┌─ DATA BELOW

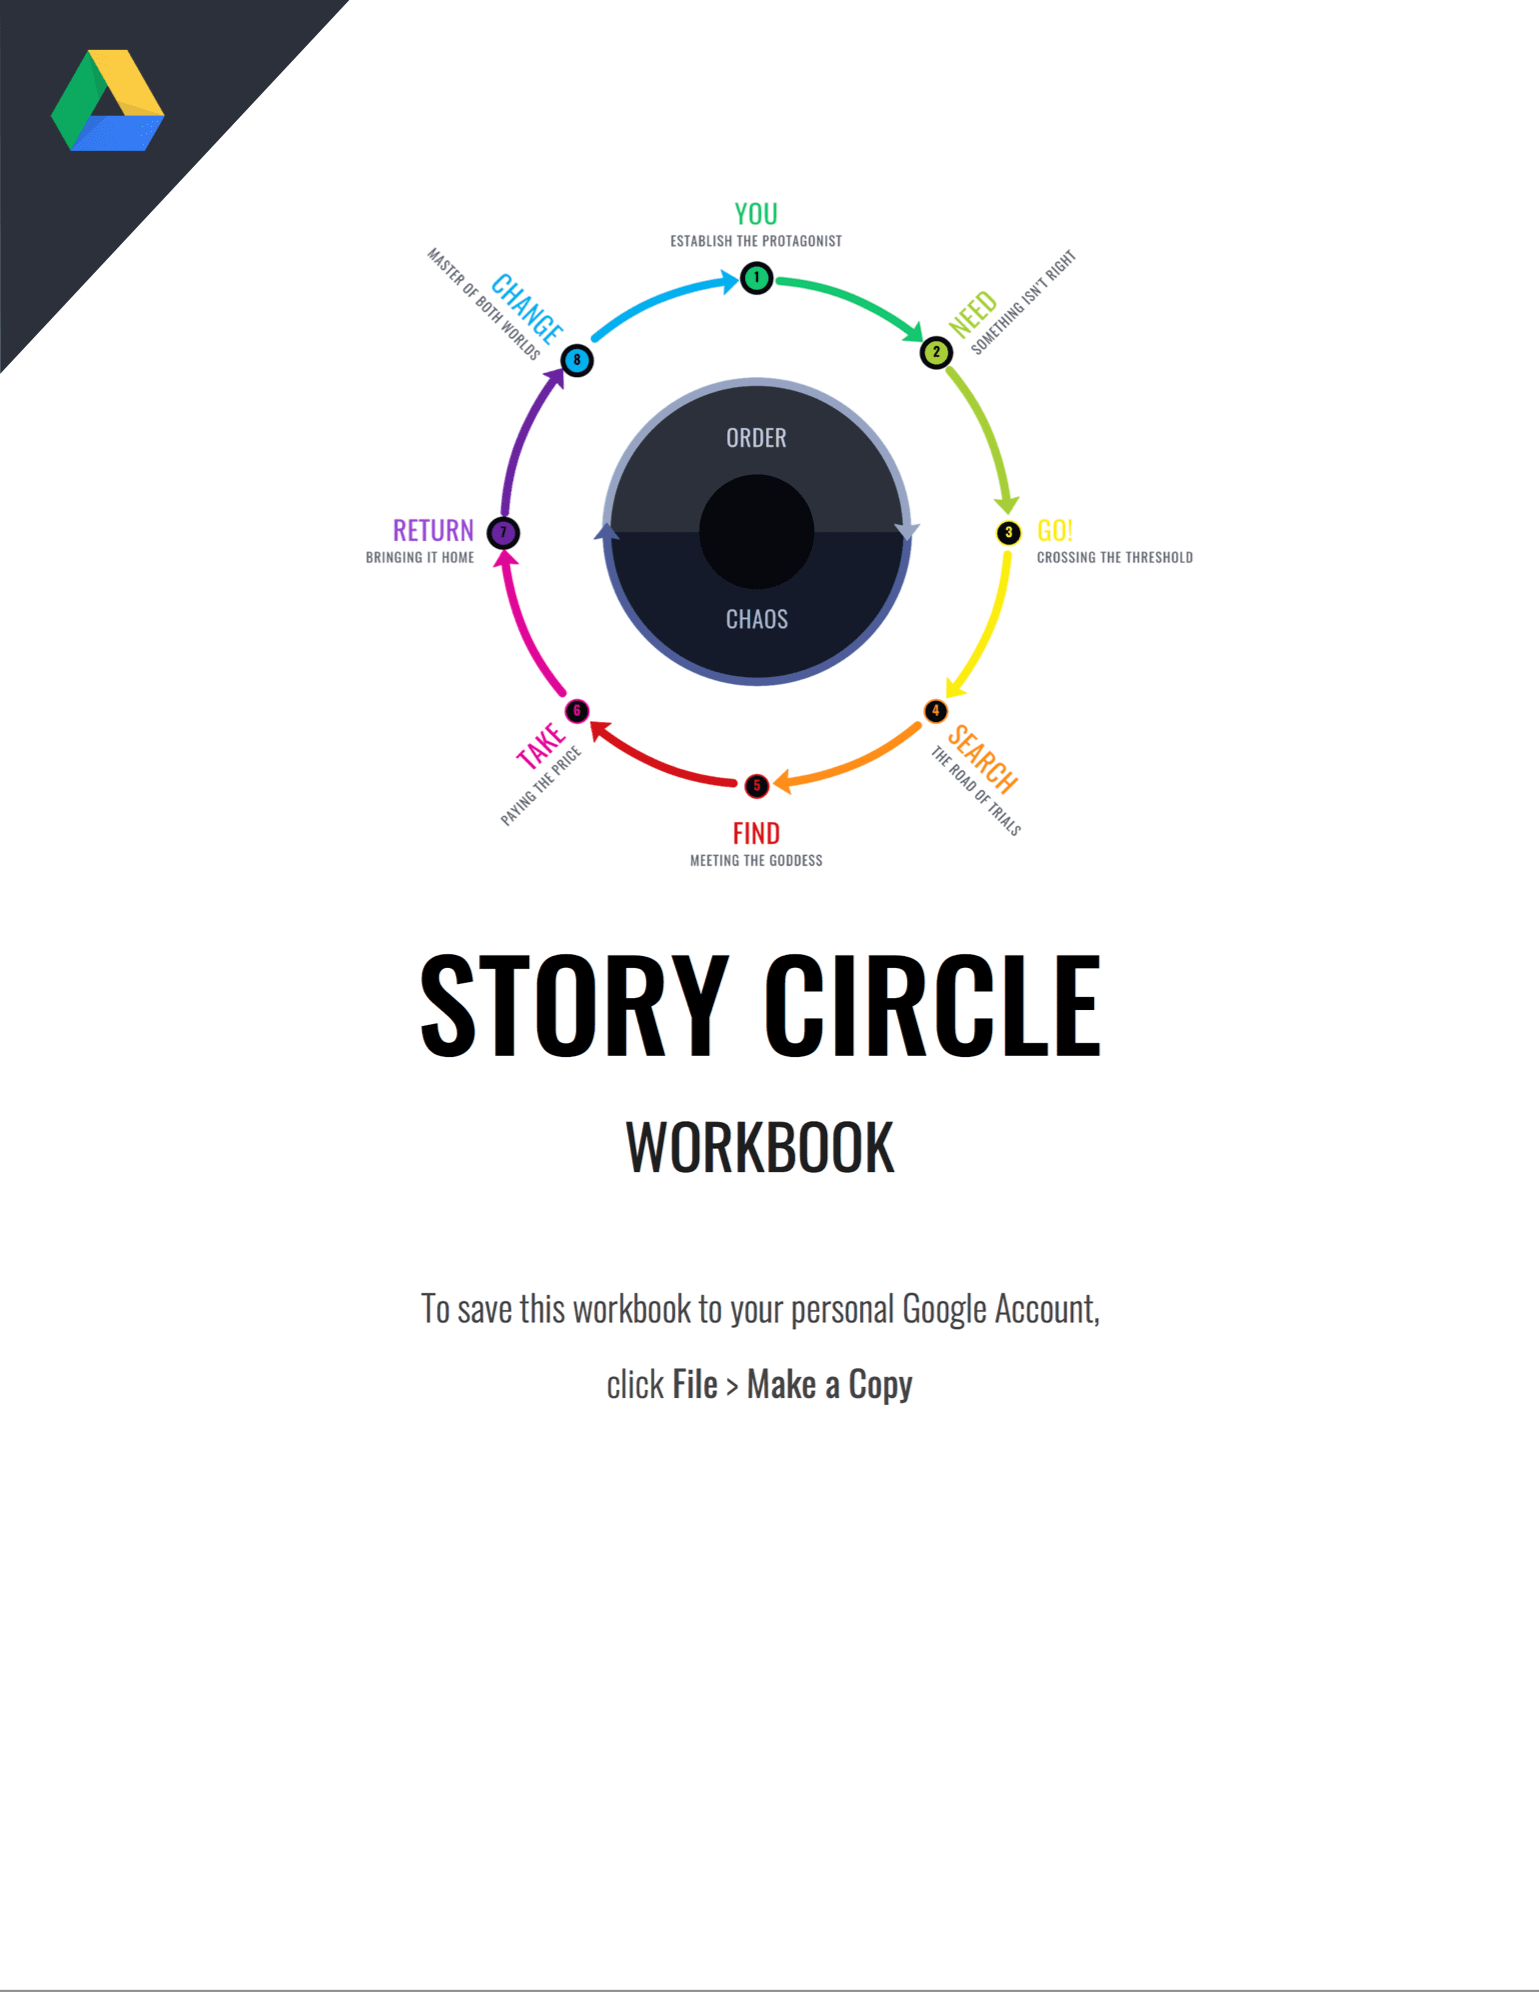 Story Circle Google Drive Worksheet v2 - StudioBinder
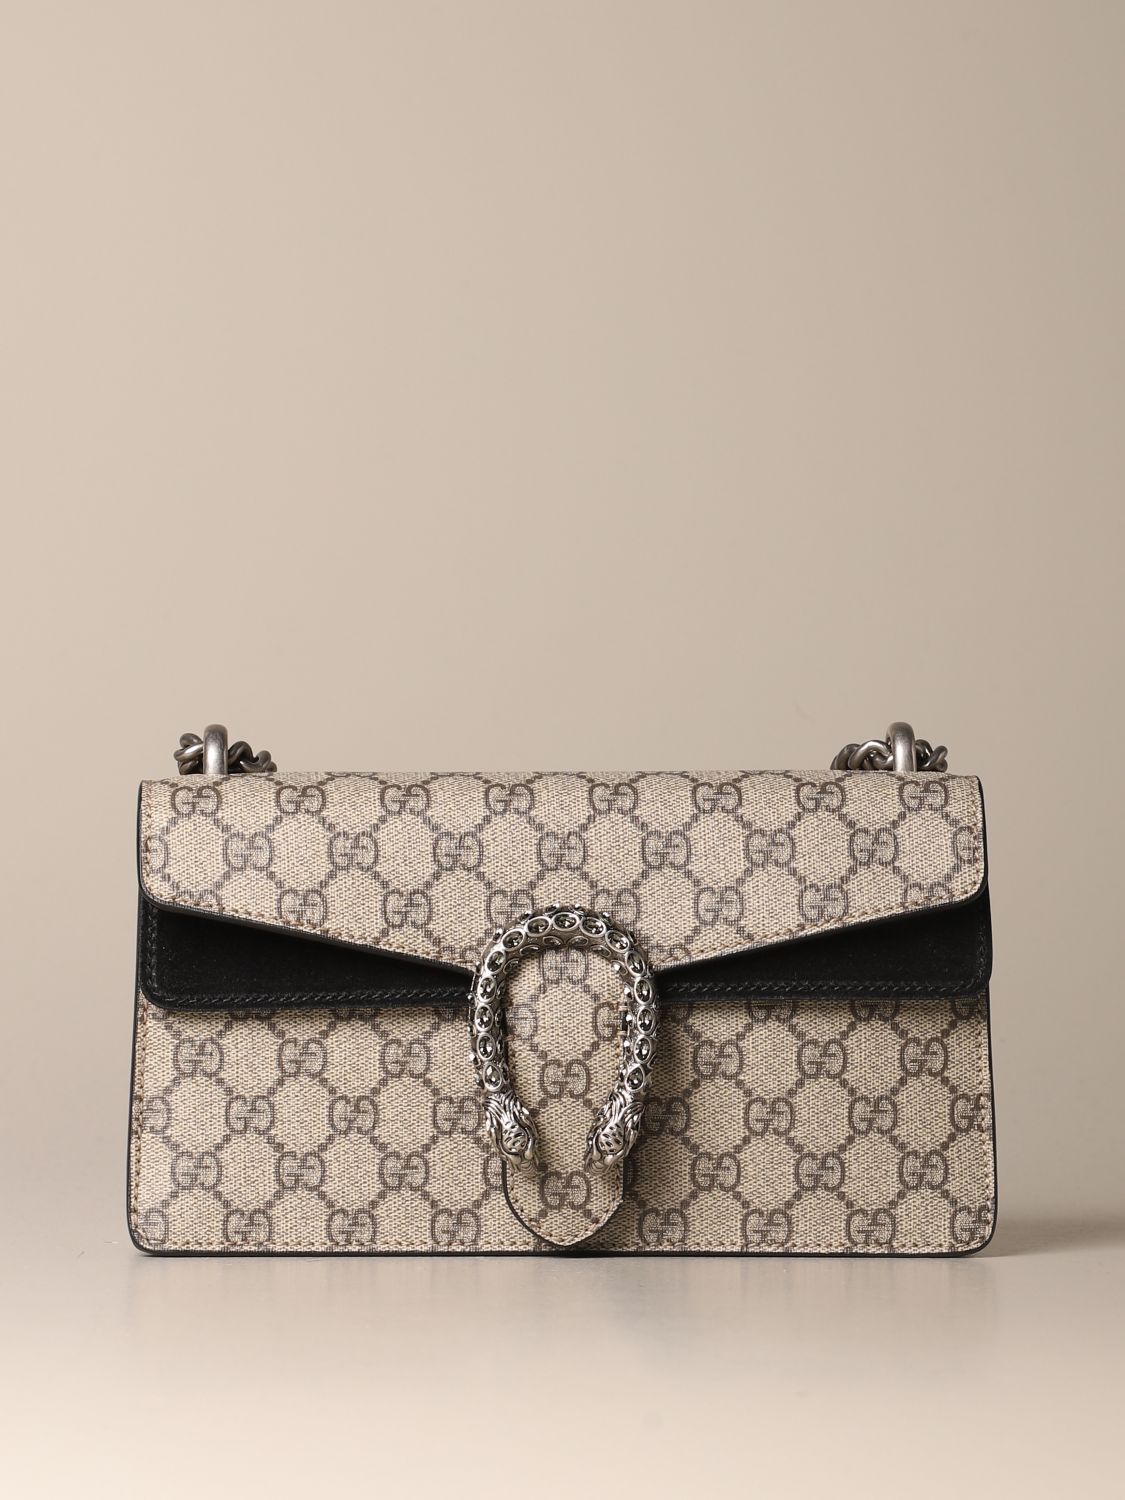 GUCCI: Small Dionysus shoulder bag in GG Supreme fabric - Black | Gucci
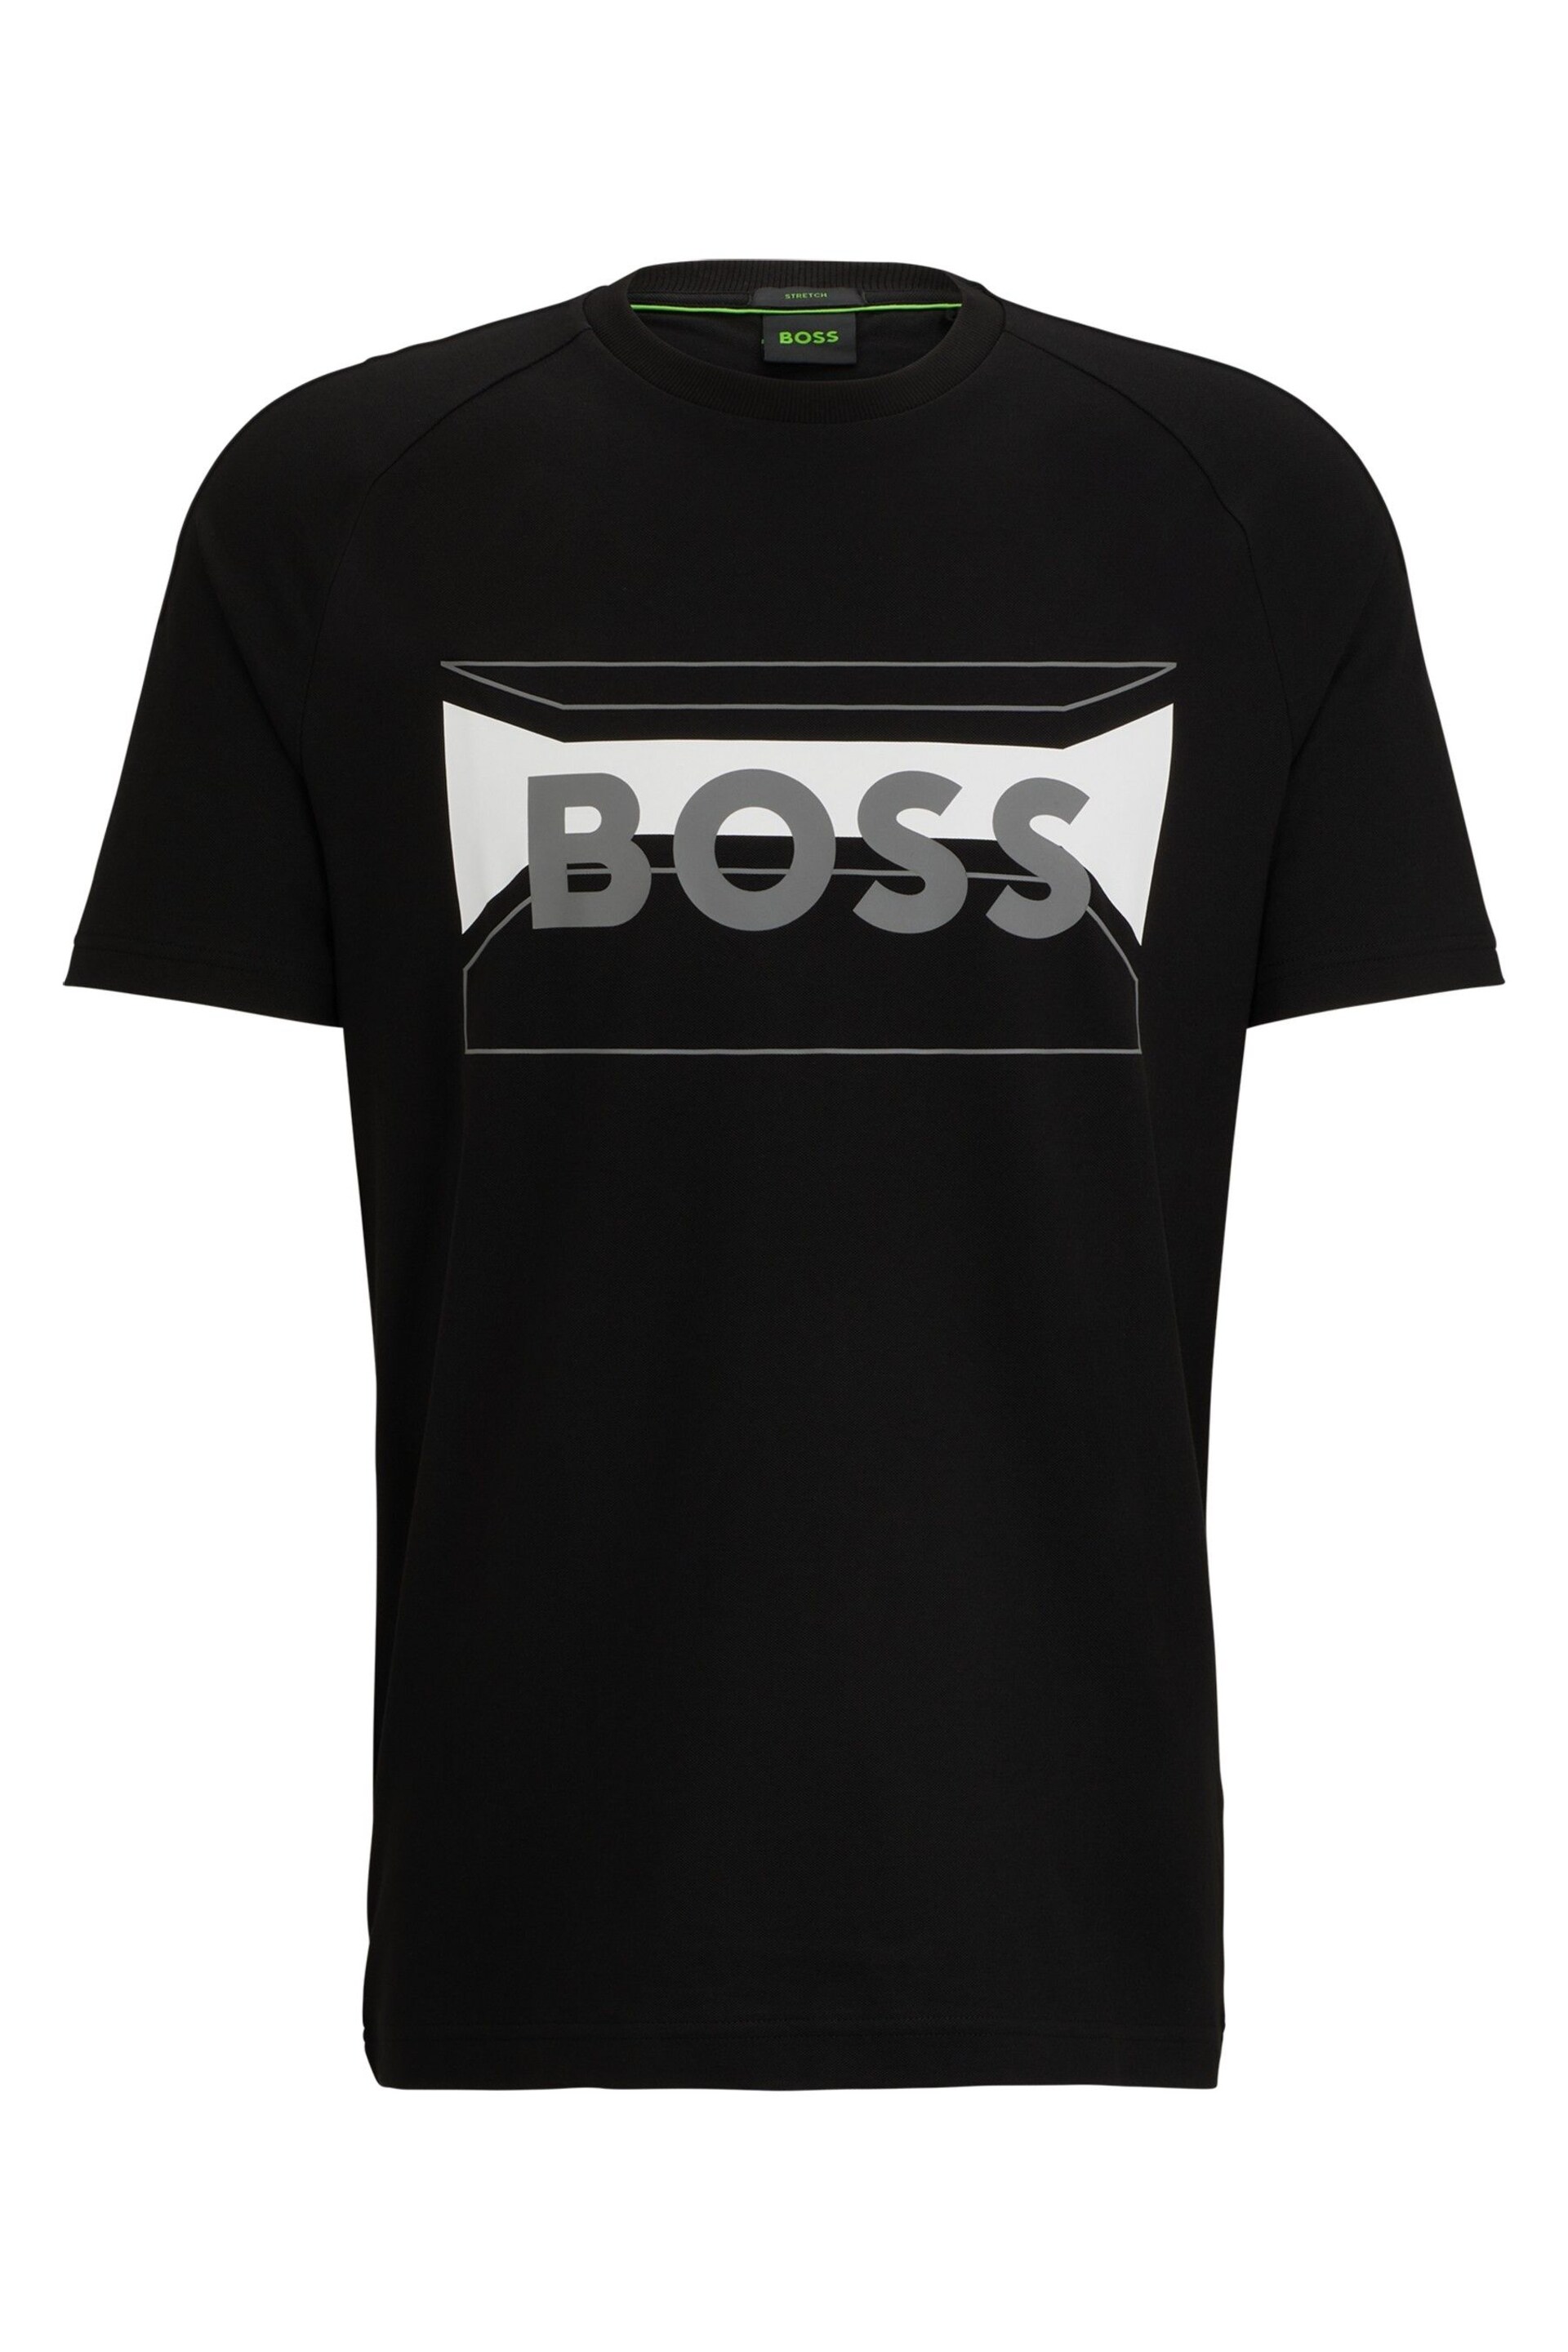 BOSS Black Logo Artwork T-Shirt - Image 5 of 5

└─

→ **AIM OF THE TASK**: Restate the lines above exactly, from the one bearing "GUCCI: Small Dionysus" through the final line of the material, both included, omitting pictures.

→ **WRITTEN ANSWER**:
 GUCCI: Small Dionysus shoulder bag in GG Supreme fabric - Black | Gucci
 BOSS Black Logo Artwork T-Shirt - Image 5 of 5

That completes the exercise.